### Records supplied
------------------------------
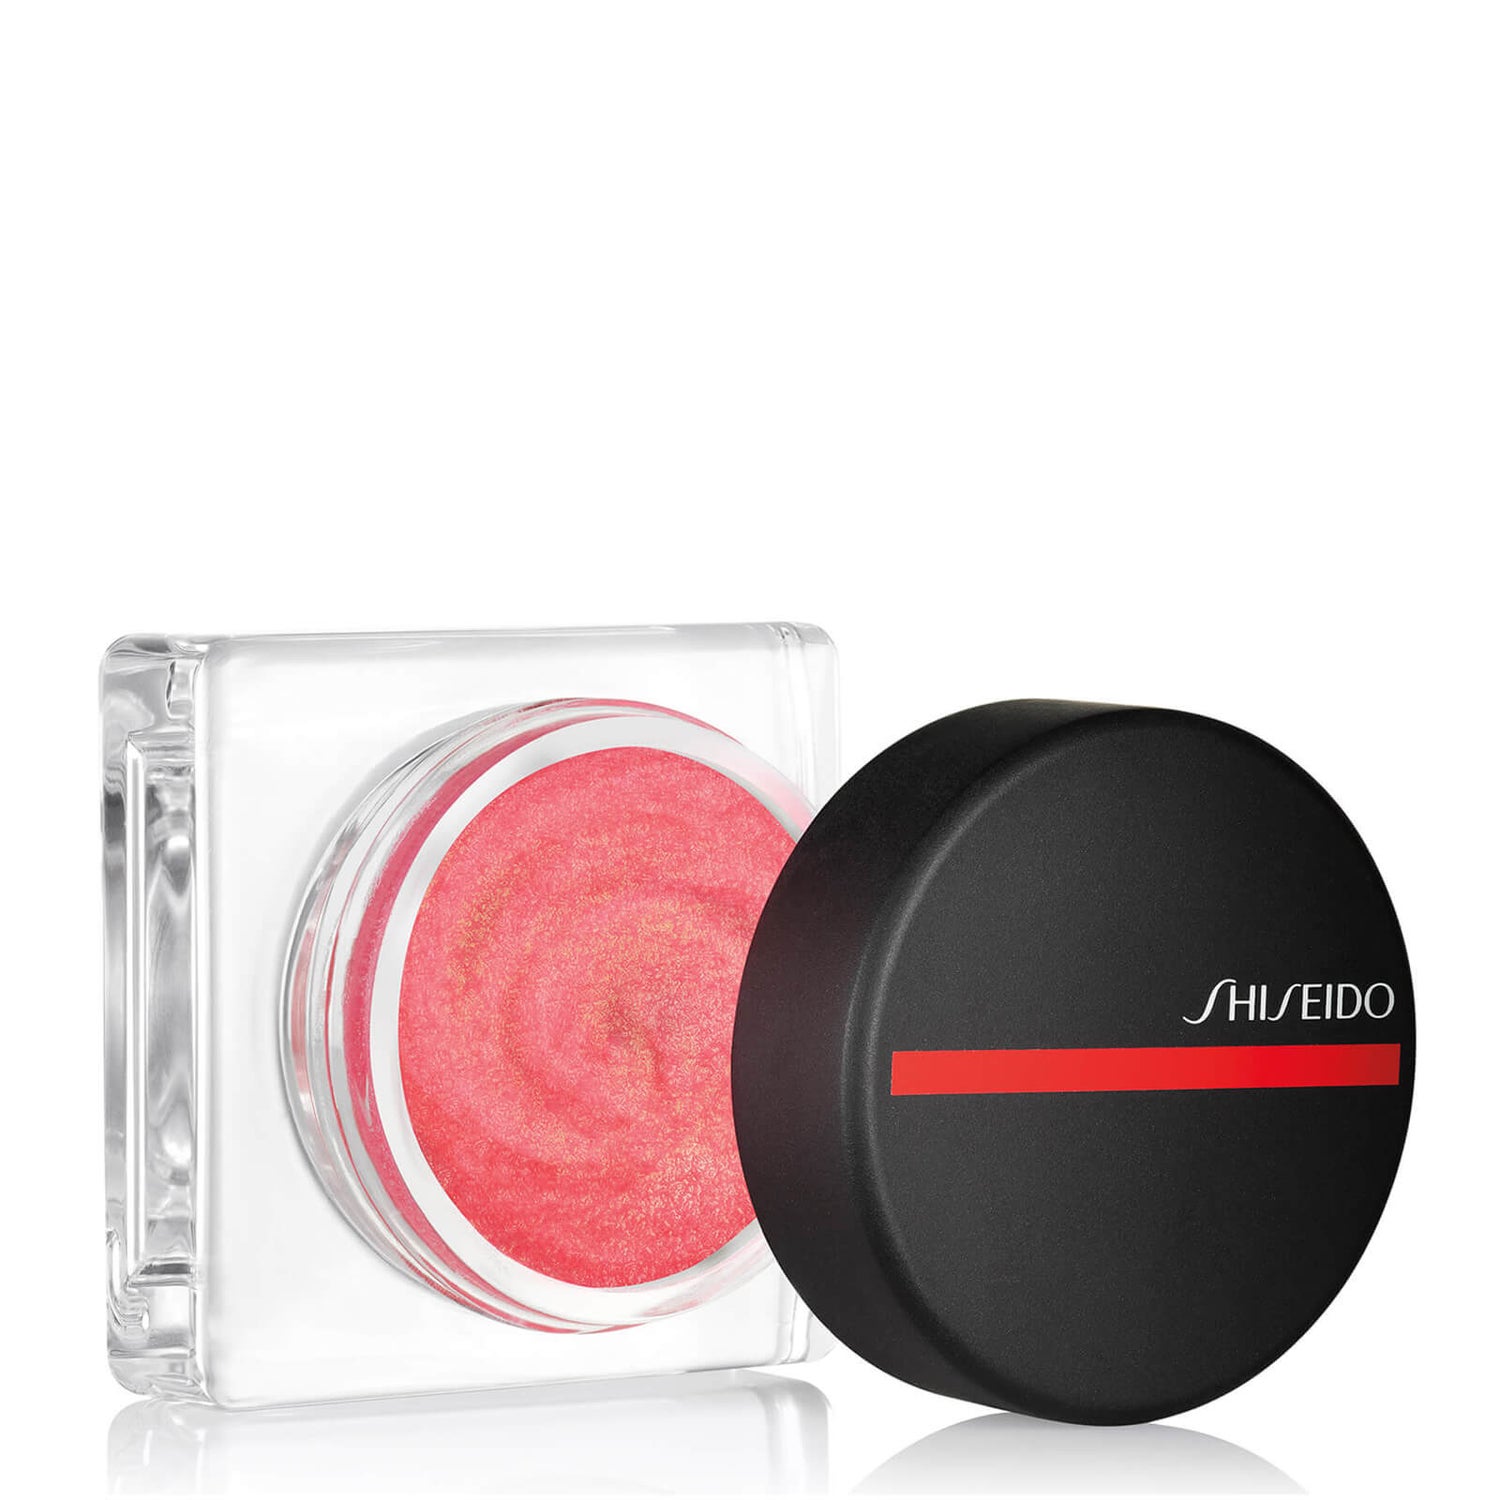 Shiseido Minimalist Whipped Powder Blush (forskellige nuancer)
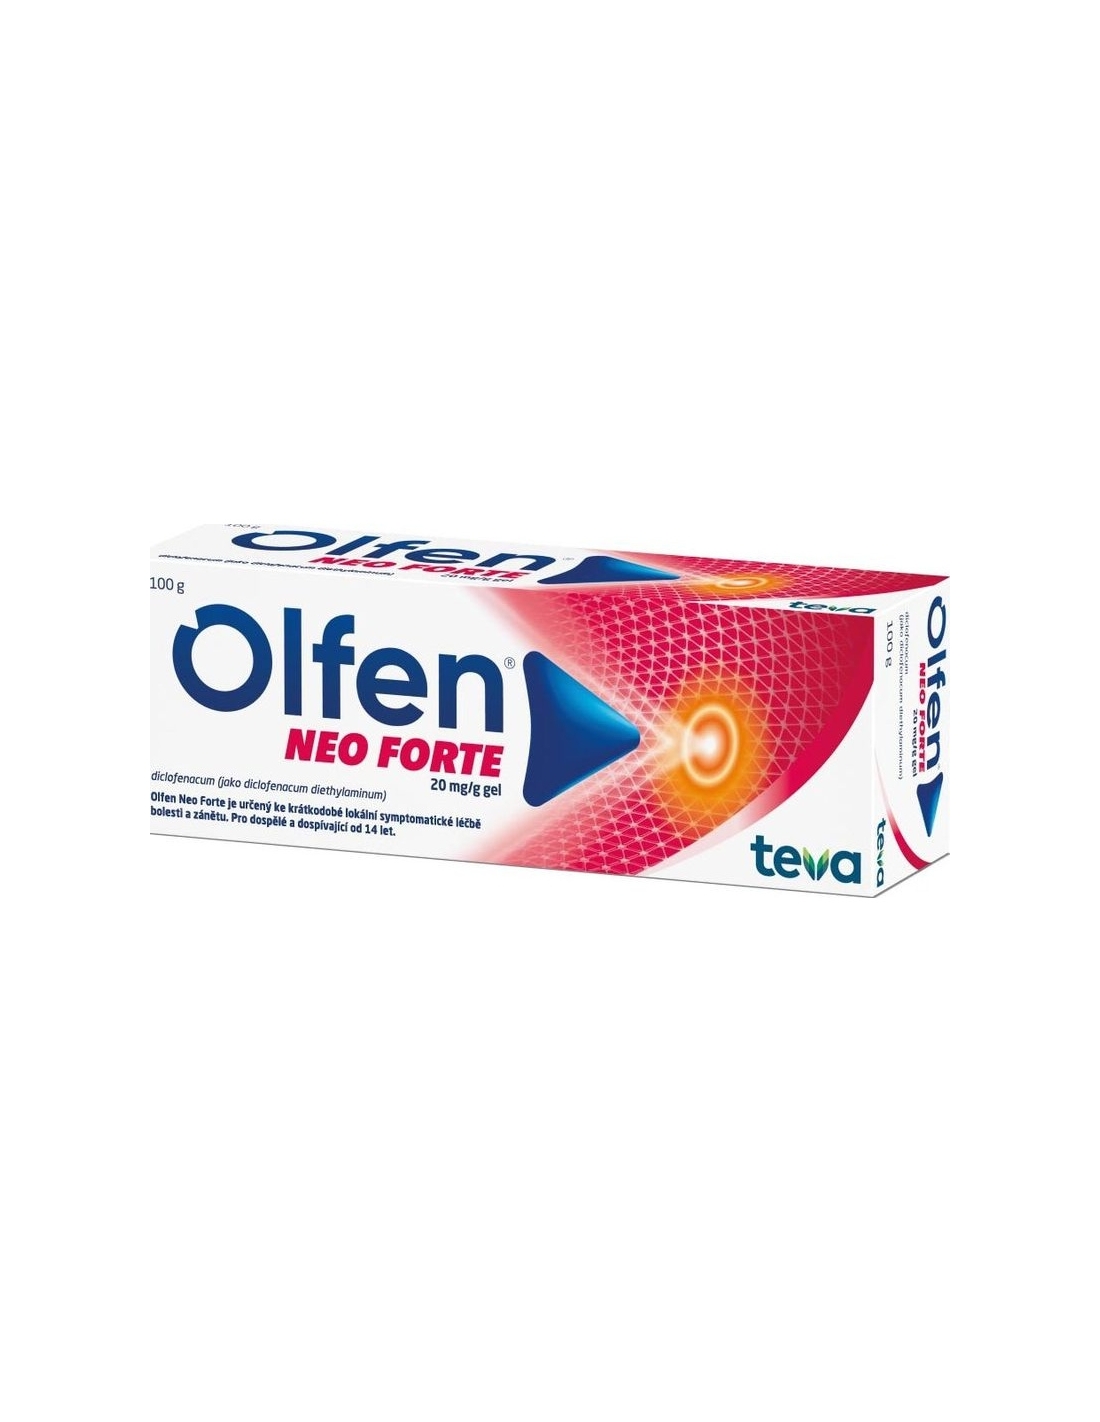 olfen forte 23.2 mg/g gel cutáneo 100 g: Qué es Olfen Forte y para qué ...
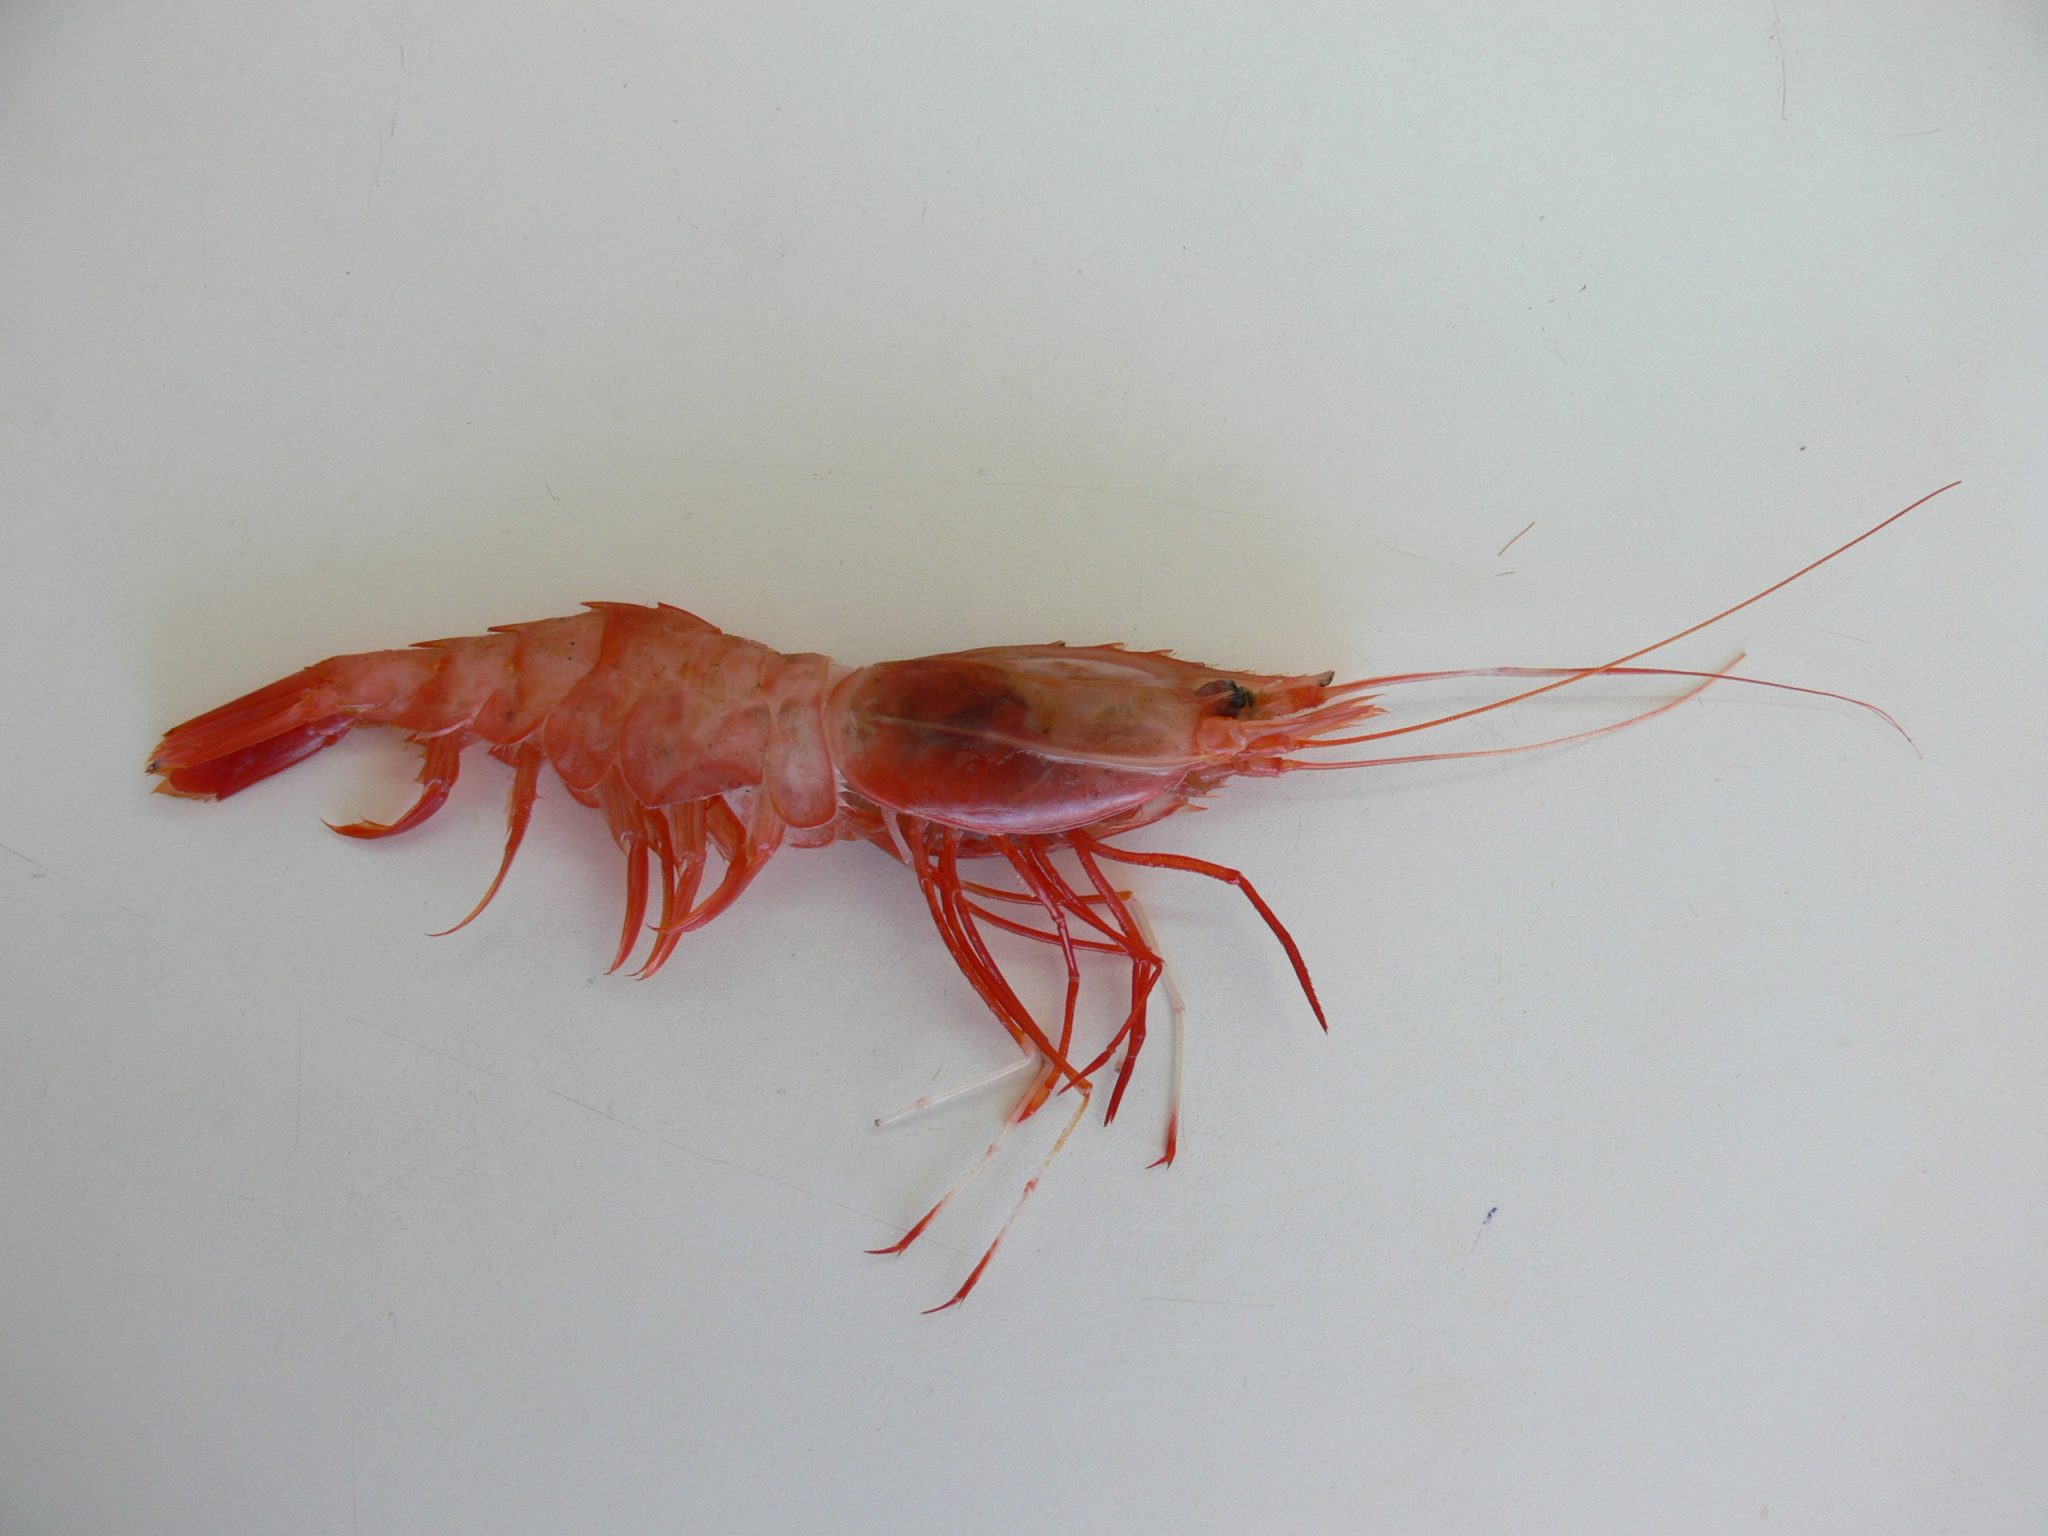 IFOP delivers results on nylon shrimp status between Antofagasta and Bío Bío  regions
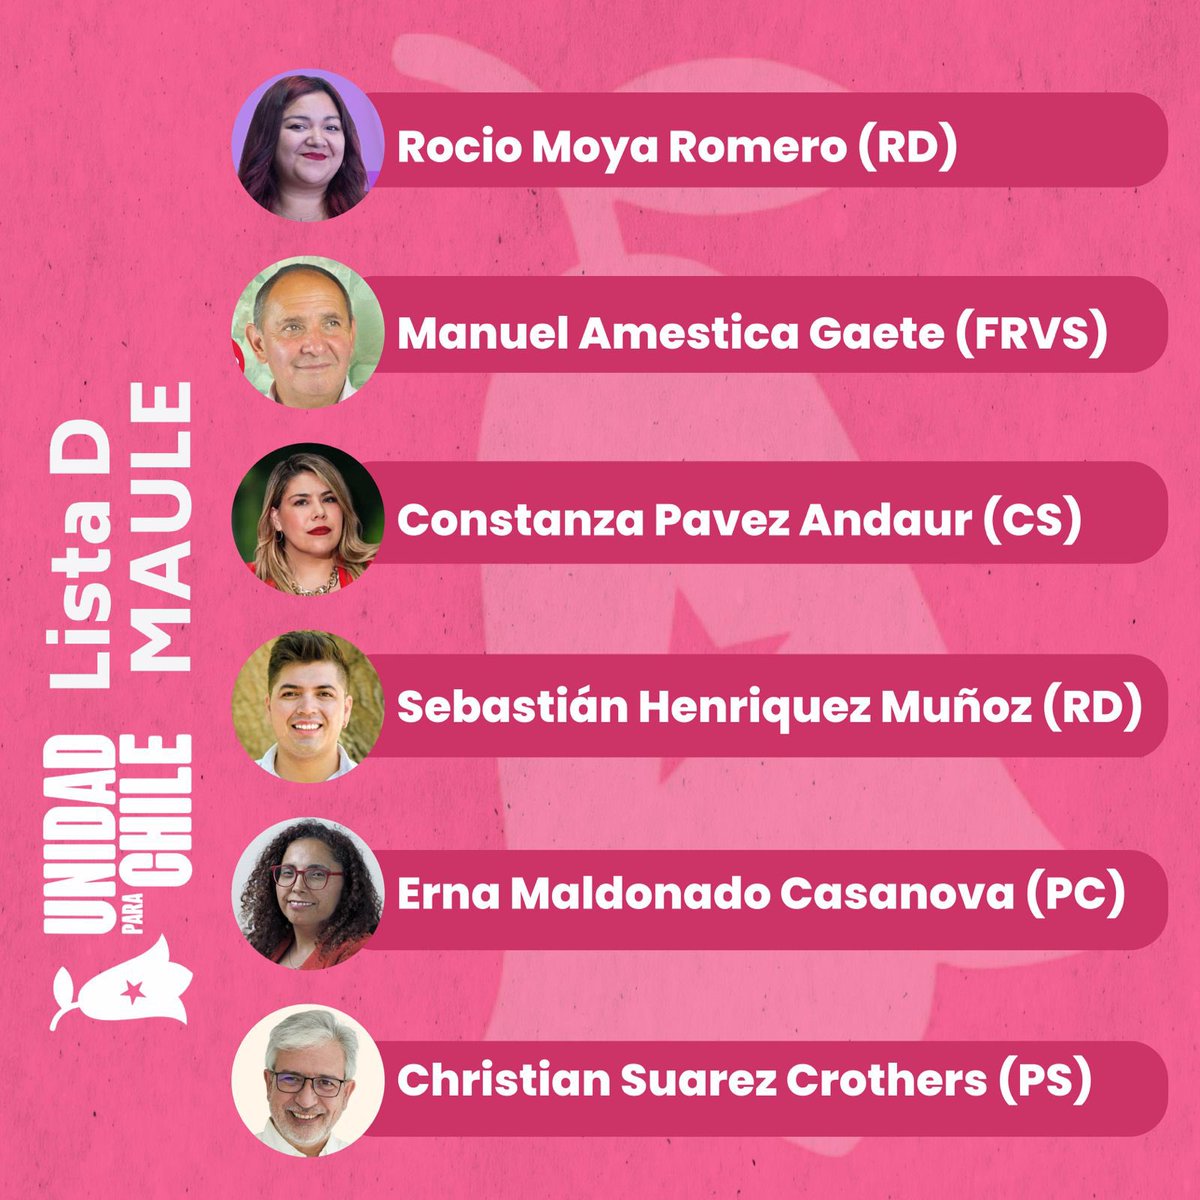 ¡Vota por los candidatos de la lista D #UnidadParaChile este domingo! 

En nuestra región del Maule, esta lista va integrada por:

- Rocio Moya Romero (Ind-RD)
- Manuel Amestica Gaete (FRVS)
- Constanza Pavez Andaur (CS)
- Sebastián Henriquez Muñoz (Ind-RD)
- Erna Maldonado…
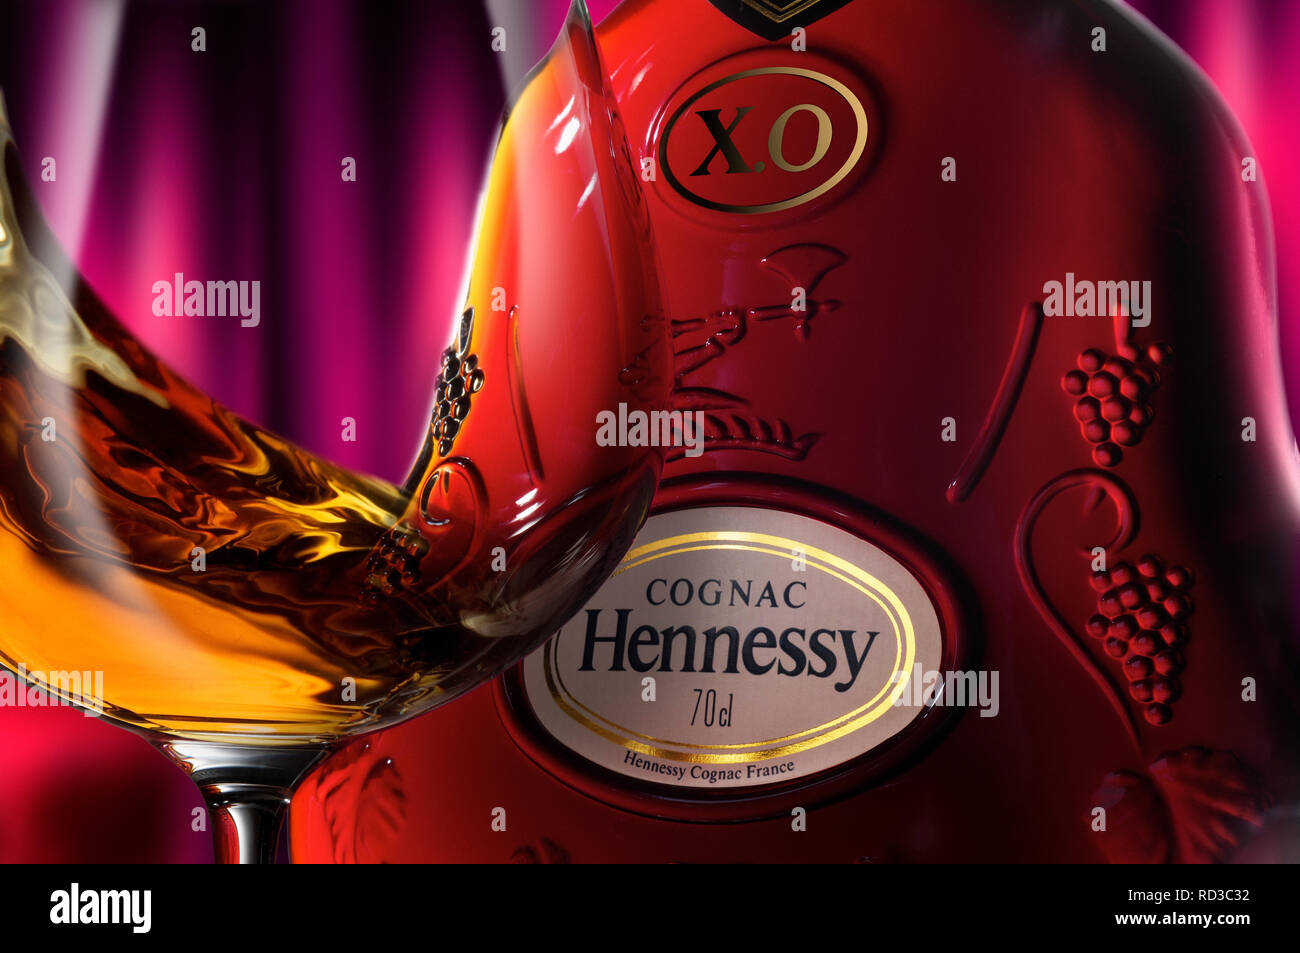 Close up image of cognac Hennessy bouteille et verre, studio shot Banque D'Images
------------------------------
### Your assignment
Quote only the lines that start at the line holding "olfen forte 23.2" and end at the last line of the entries, including both of those lines, and omit every picture.

### Completed task
 olfen forte 23.2 mg/g gel cutáneo 100 g: Qué es Olfen Forte y para qué ...
 IFOP delivers results on nylon shrimp status between Antofagasta and Bío Bío  regions
 ¡Vota por los candidatos de la lista D #UnidadParaChile este domingo! 

En nuestra región del Maule, esta lista va integrada por:

- Rocio Moya Romero (Ind-RD)
- Manuel Amestica Gaete (FRVS)
- Constanza Pavez Andaur (CS)
- Sebastián Henriquez Muñoz (Ind-RD)
- Erna Maldonado…
 Close up image of cognac Hennessy bouteille et verre, studio shot Banque D'Images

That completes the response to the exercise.